------ Information provided

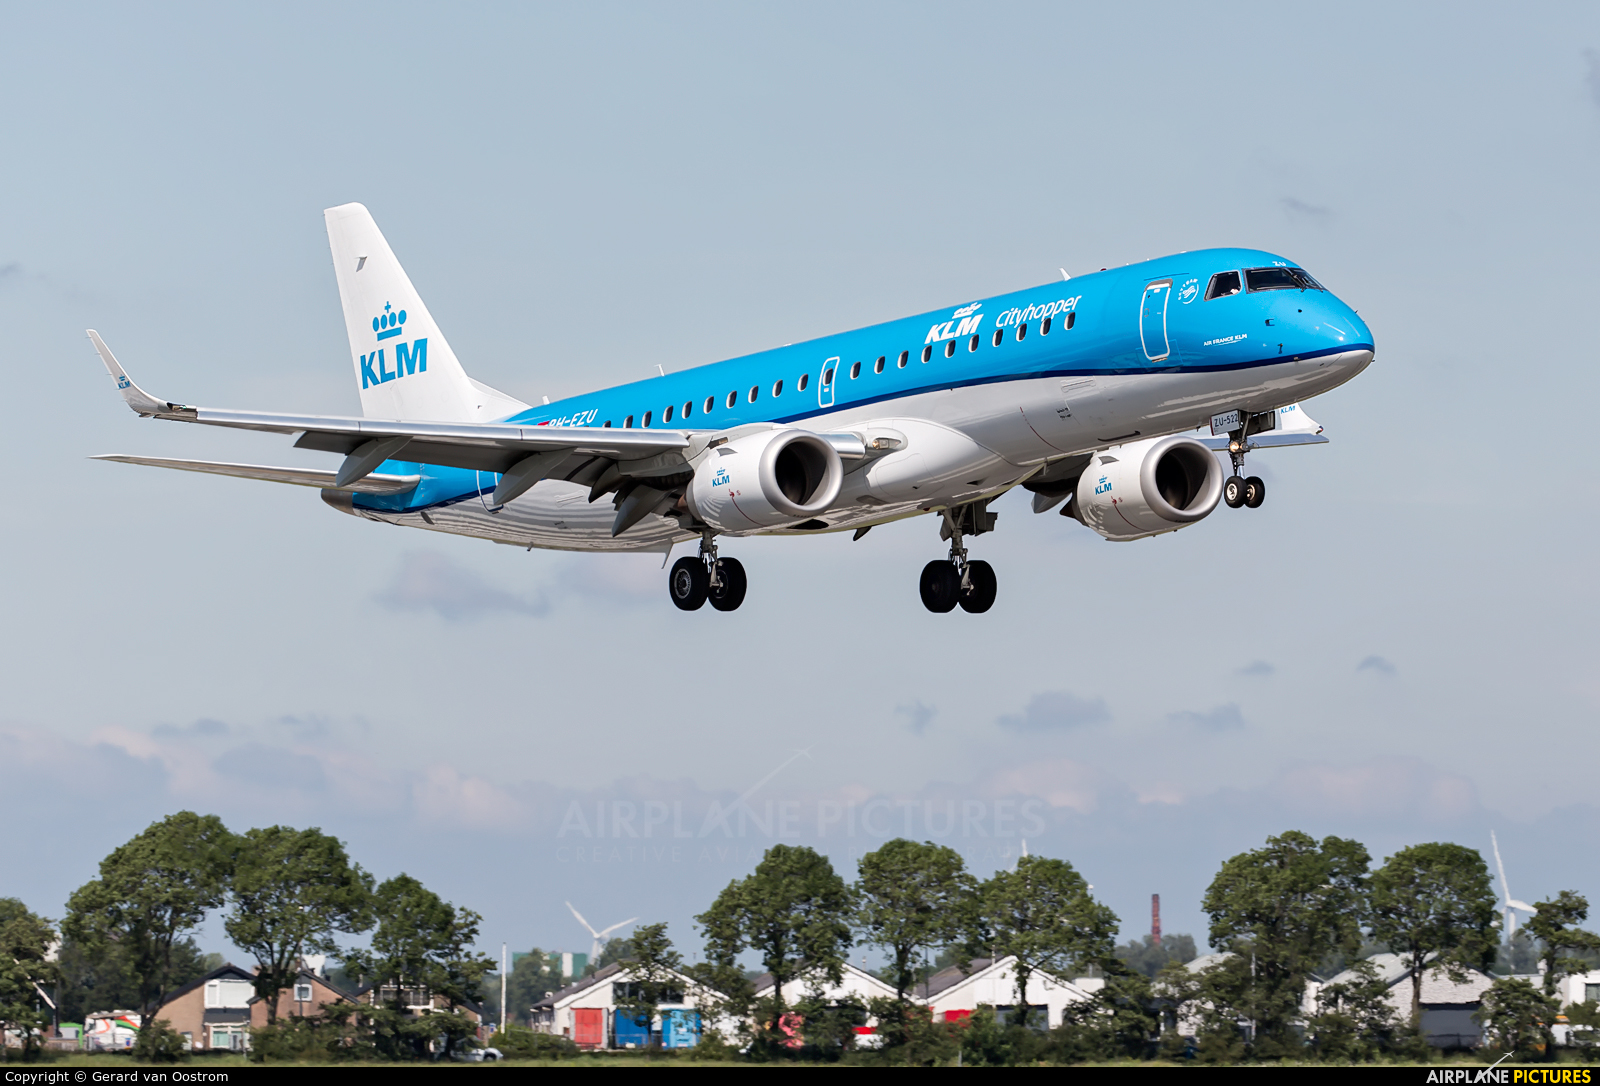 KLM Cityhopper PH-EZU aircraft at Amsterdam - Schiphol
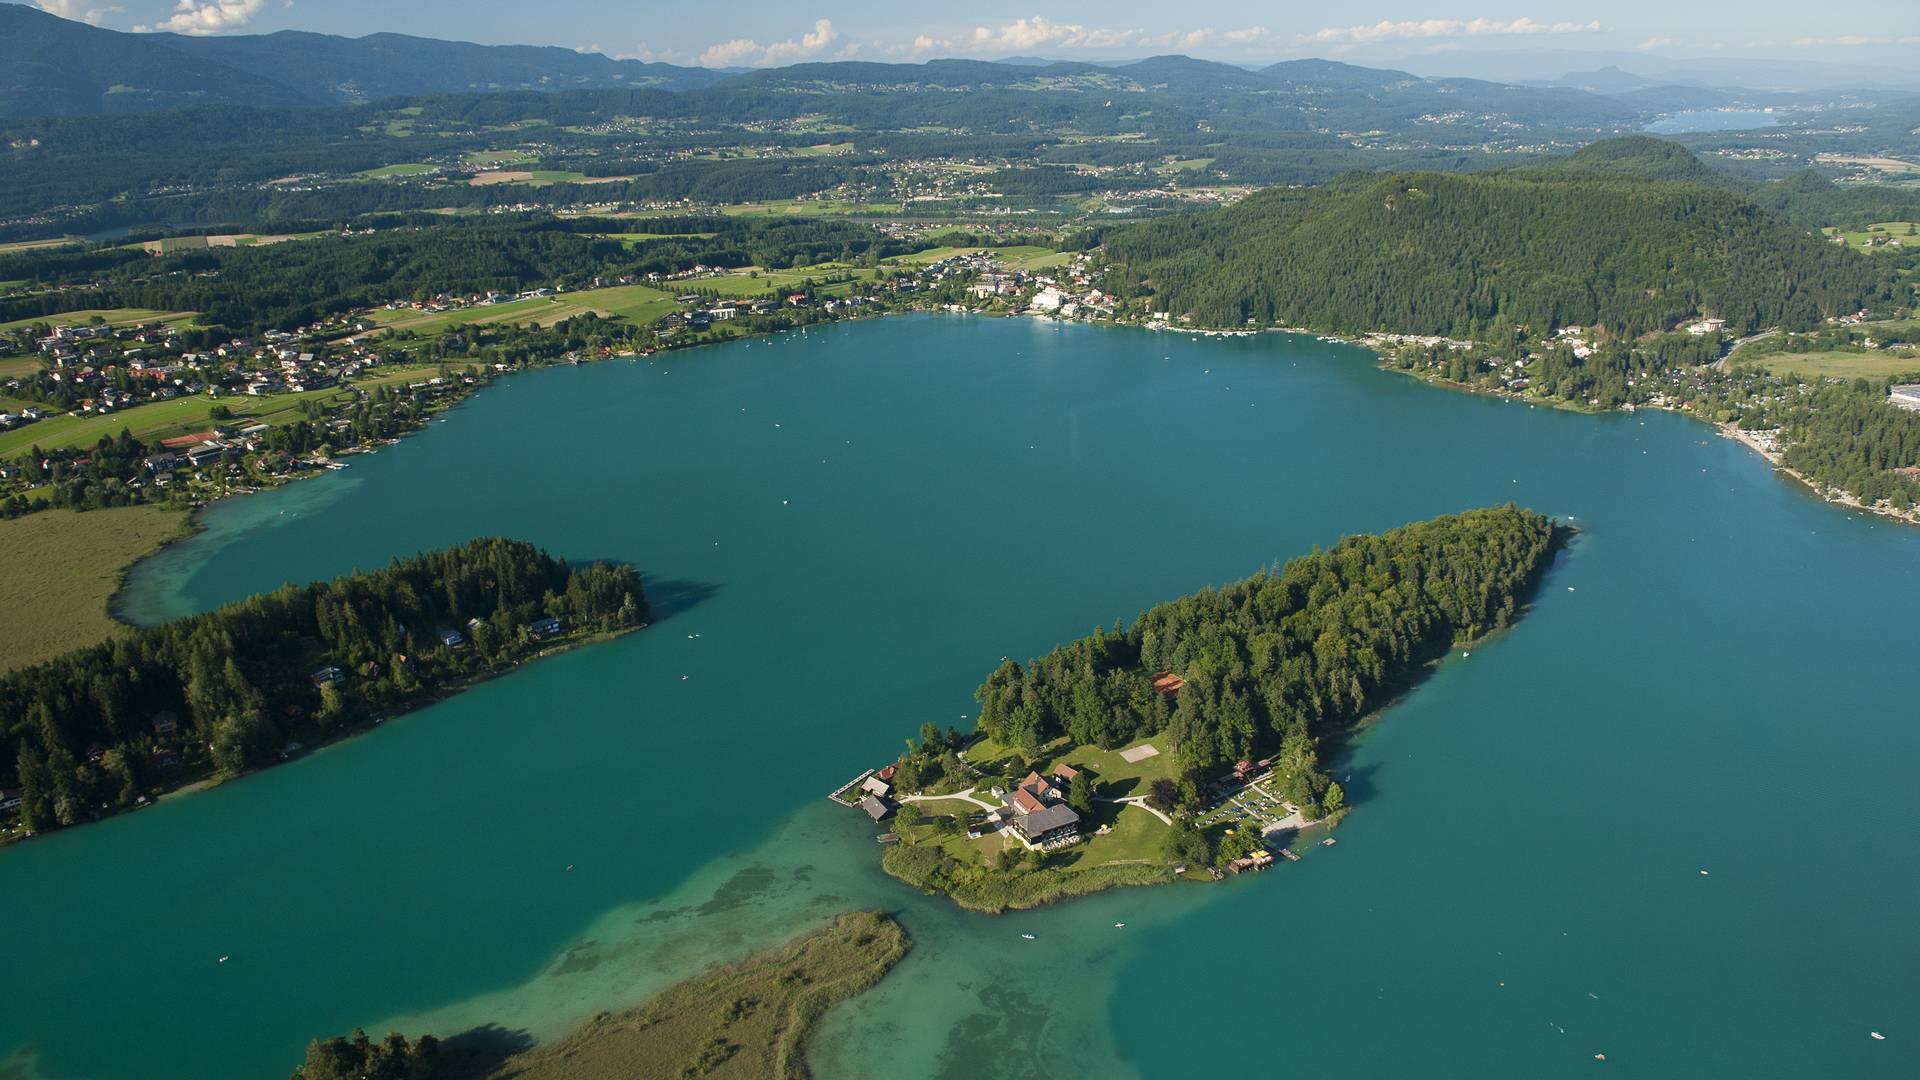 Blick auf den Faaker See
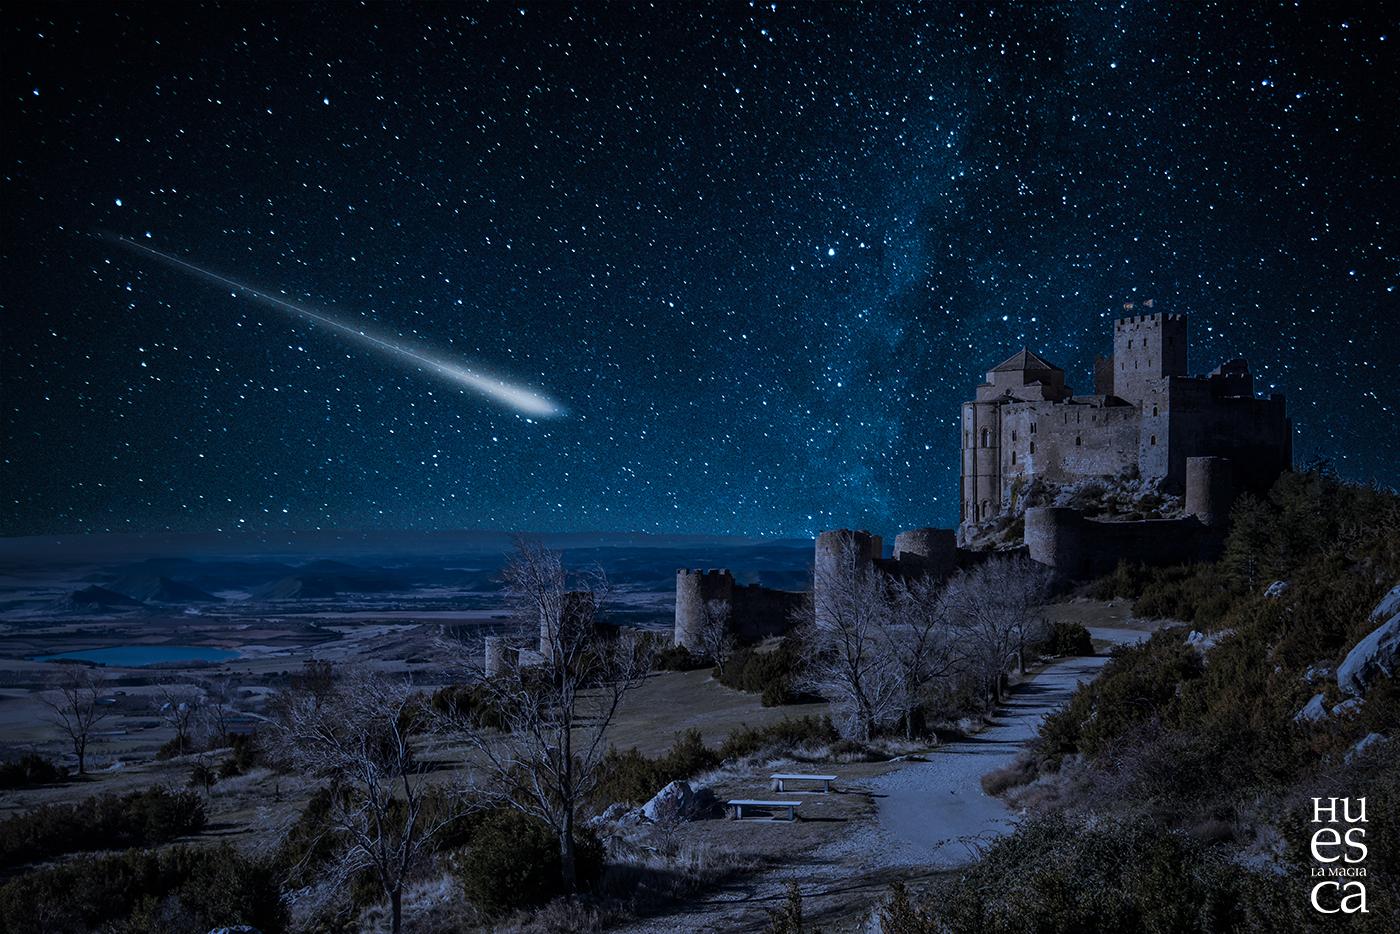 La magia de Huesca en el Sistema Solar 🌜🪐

------------

# [Assignment]
A verbatim retyping of the listing, without any pictures, is the expected answer.

# [Solved problem]
 KLM Cityhopper PH-EZU aircraft at Amsterdam - Schiphol
 Blick auf den Faaker See
 La magia de Huesca en el Sistema Solar 🌜🪐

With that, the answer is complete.